Reagor needs success in 1-on-1 drills to translate into games originally appeared on NBC Sports Philadelphia
Jalen Reagor makes it sound like he’s talking about a routine play.
The Eagles’ second-year receiver was asked on Wednesday about his spectacular one-handed catch against the Patriots in 1-on-1 drills last week and he gave a pretty basic explanation for how it went down.
“It’s like one of them things, you know when you go in the backyard and you catch the ball one-handed?” Reagor said. “Well, it’s kind of instinctual. He had my left arm and the only way I could catch it is with my right.”
Just rise above the defender and grab the ball with your right hand, spin your body and get both feet in bounds. It sounds pretty easy, right? Not so much.
Even before that practice, head coach Nick Sirianni called Reagor’s ability in those 1-on-1s “special” and it’s easy to see why. In fact, the catch against the Patriots was the second time he made basically the same play in training camp. Sure, those 1-on-1 drills are slanted toward the receiver, but Reagor wins them pretty consistently.
So we’ve established that’s what Reagor can do in the backyard.
Now, he just needs to do it in NFL stadiums … when it counts.
“What the 1-on-1 are there to do is really perfect your technique and fundamentals and see if the talent that you have and the fundamentals that you learned is going to win your 1-on-1 matchups,” Sirianni said. “That’s what this league is about, the 1-on-1 matchups that you have to win.
“So, those are great experiences for him, and he’s doing a really good job winning those 1-on-1 battles there, and now it’s just, hey, can you sustain that play to play to play?”
During those 1-on-1 drills, there’s plenty of time for the receiver to get geared up for one rep, run it and then take a break. Sirianni’s point was that the repeated snaps in game settings, which are duplicated in practices, hinge on conditioning.
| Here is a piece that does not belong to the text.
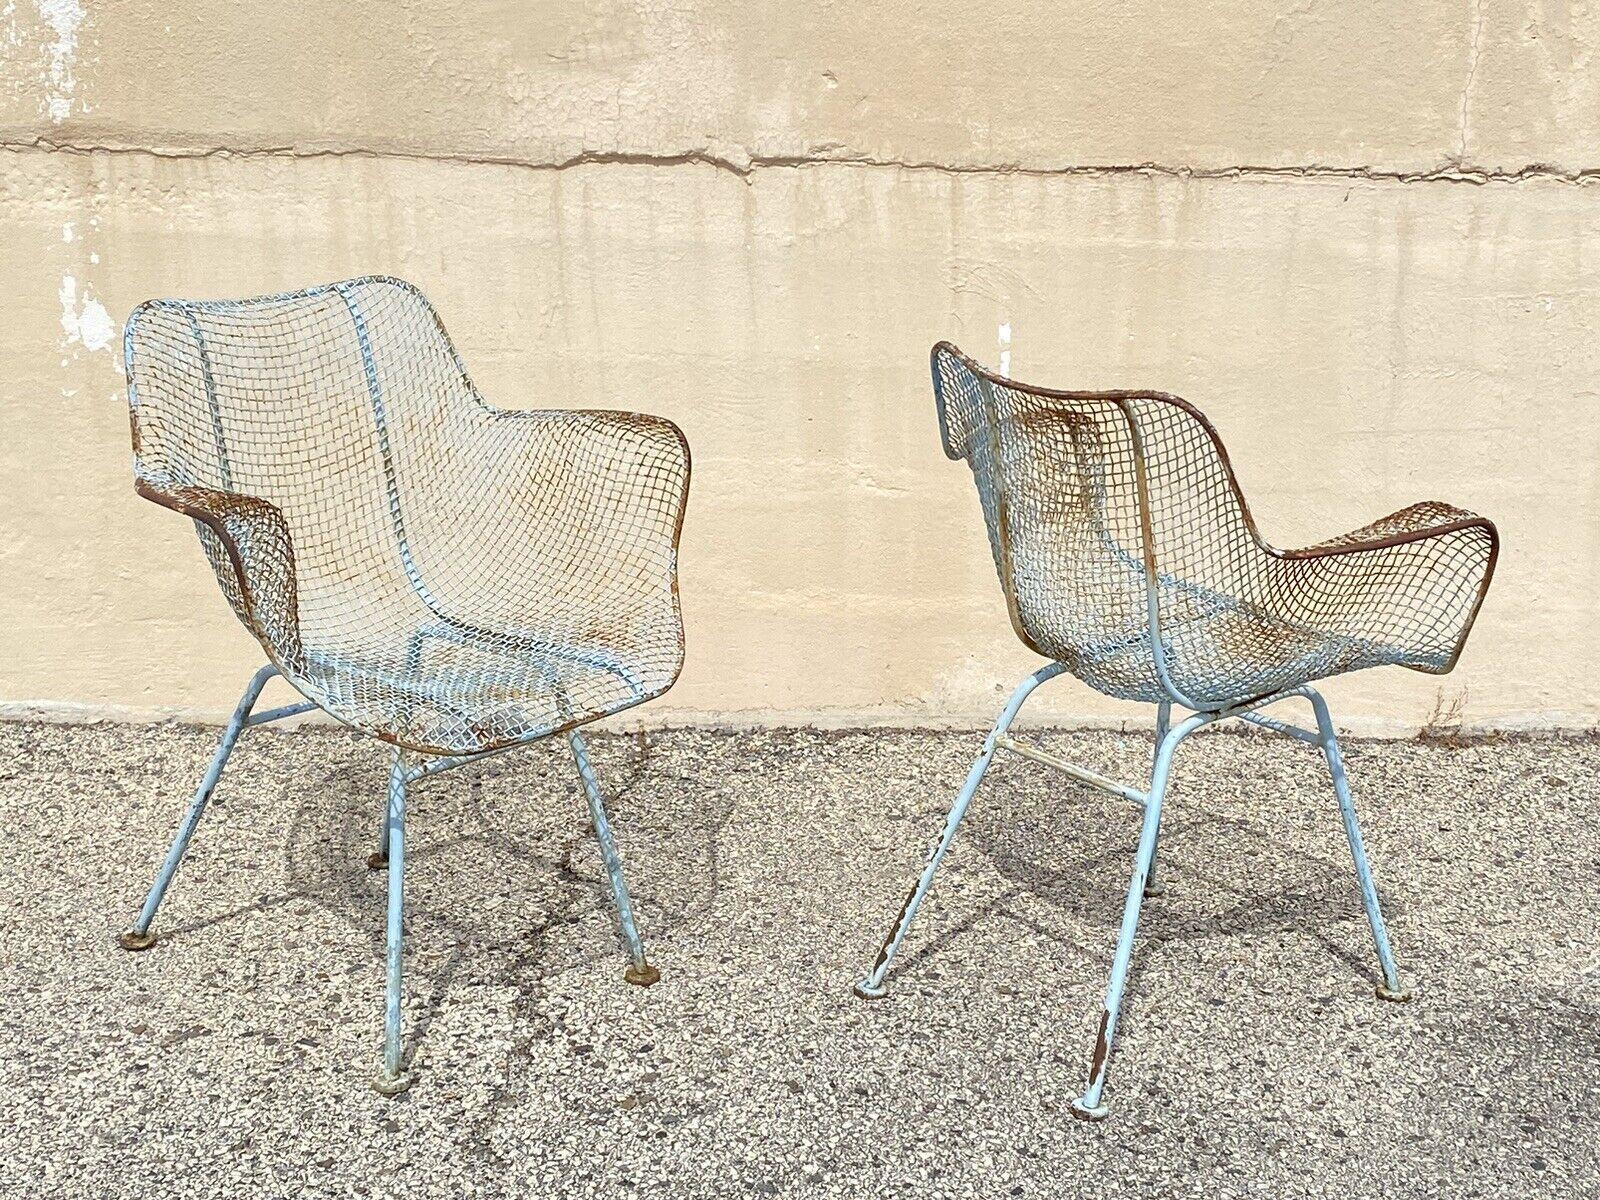 Vintage Mid-Century Modern Russell Woodard Sculptura Wrought Iron Blue Distress Painted Arm Chairs - a Pair. Item features wrought iron frames, distressed blue painted finish, clean Modernist lines, great style and form. Circa Mid-20th century.

“That’s what practice is for, right?” Sirianni said. “That’s why we’re going six, seven plays in a row, to simulate the drive. So, it’s a combination of the one-on-ones and then the practice reps they do.”
Reagor, 22, had a disappointing rookie season in 2020. He dealt with several injuries and ended up playing in just 11 games. He had 31 catches for 396 yards and 1 touchdown. Hardly the numbers you’d expect for a first-round pick.
After the death of a childhood friend and a failed conditioning test to start training camp, Reagor has rebounded to have a pretty good summer.
Perhaps some of the pressure will be off Reagor in Year 2. The Eagles used the No. 10 overall pick to draft Heisman Trophy winner DeVonta Smith and the emergence of Quez Watkins this summer has given them another legitimate starting receiver.
But getting more out of Reagor in Year 2 would be a big boost for Sirianni, Jalen Hurts and the entire Eagles’ offense.
If nothing else, these 1-on-1s show glimpses of the talent we know Reagor has. Now, he just needs to take that talent and turn it into production on the field.
If you’re wondering, Reagor thinks that’s going to come pretty naturally. Of course he does.
“It’s the same thing,” Reagor said. “It’s just like if I go against him in the game. It’s the same thing. It really depends on timing and me getting off the ball and running the route.”